No bankruptcy, no court, no recourse

Here is the part that won’t make headlines, and that allocators need to understand.

There is no bankruptcy law inside a DeFi protocol. If you withdraw first, you keep everything. If you are among the last, you don’t — and you may absorb a disproportionate share of the losses. Regulated lenders have a legal duty to halt operations the moment they realize they cannot cover liabilities, and bankruptcy courts can claw back from parties who benefited unfairly. The Celsius, BlockFi and FTX wind-downs were grueling, but creditors recovered assets, and the people responsible faced a judge.

In DeFi, there is no process. There is no court. There is no recovery. There is no one to hold accountable.

That has direct consequences for risk sizing. If you can estimate the total loss but cannot predict how it will be distributed, you cannot estimate your own exposure. It may be zero. It may be everything. It depends on how fast you moved, and on how fast the people next to you moved.

What happens next

DeFi is not going away.
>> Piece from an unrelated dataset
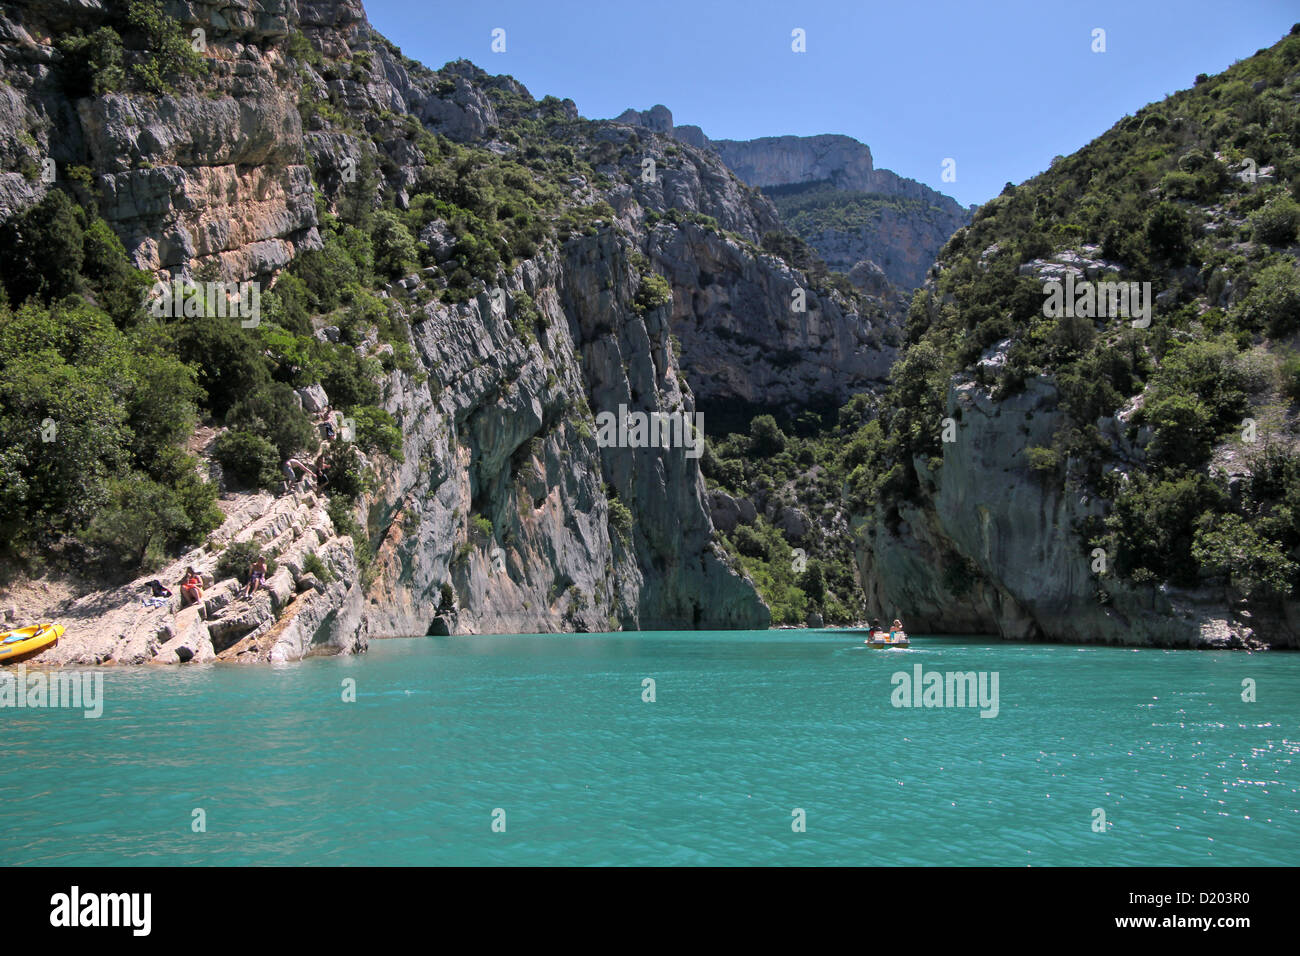 Les gorges du Verdon au Lac de Sainte-Croix, à Aiguines, Provence, France Banque D'Images
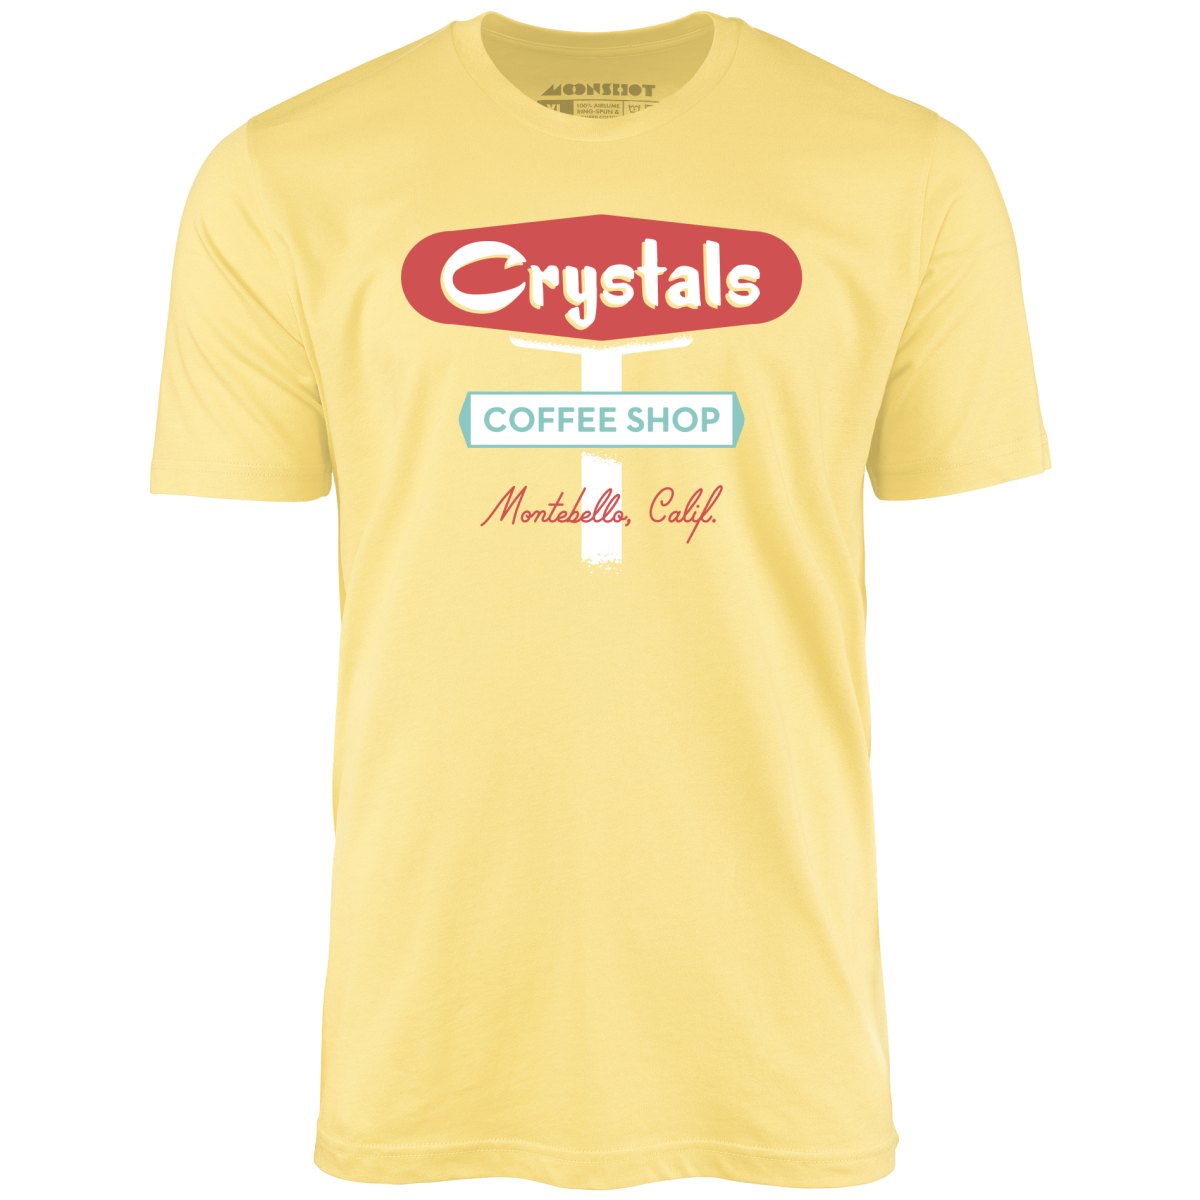 Crystals Coffee Shop - Montebello, CA - Vintage Restaurant - Unisex T-Shirt

The architecture has real utility, and permissionless markets have always existed — across every asset class and in every era. But they have never been risk-free, and they have always carried a premium over their regulated equivalents. The 48 hours following the April 17 incident reminded the market that the same rule applies onchain.

Institutional allocators sizing DeFi exposure for the coming year should take the signal seriously. The 2.32% Aave APR before last weekend did not reflect the underlying risk, and the market has now adjusted. Where DeFi rates settle from here is for the market to decide. But the mispricing is over. Last weekend proved it.

Note: The views expressed in this column are those of the author and do not necessarily reflect those of CoinDesk, Inc. or its owners and affiliates.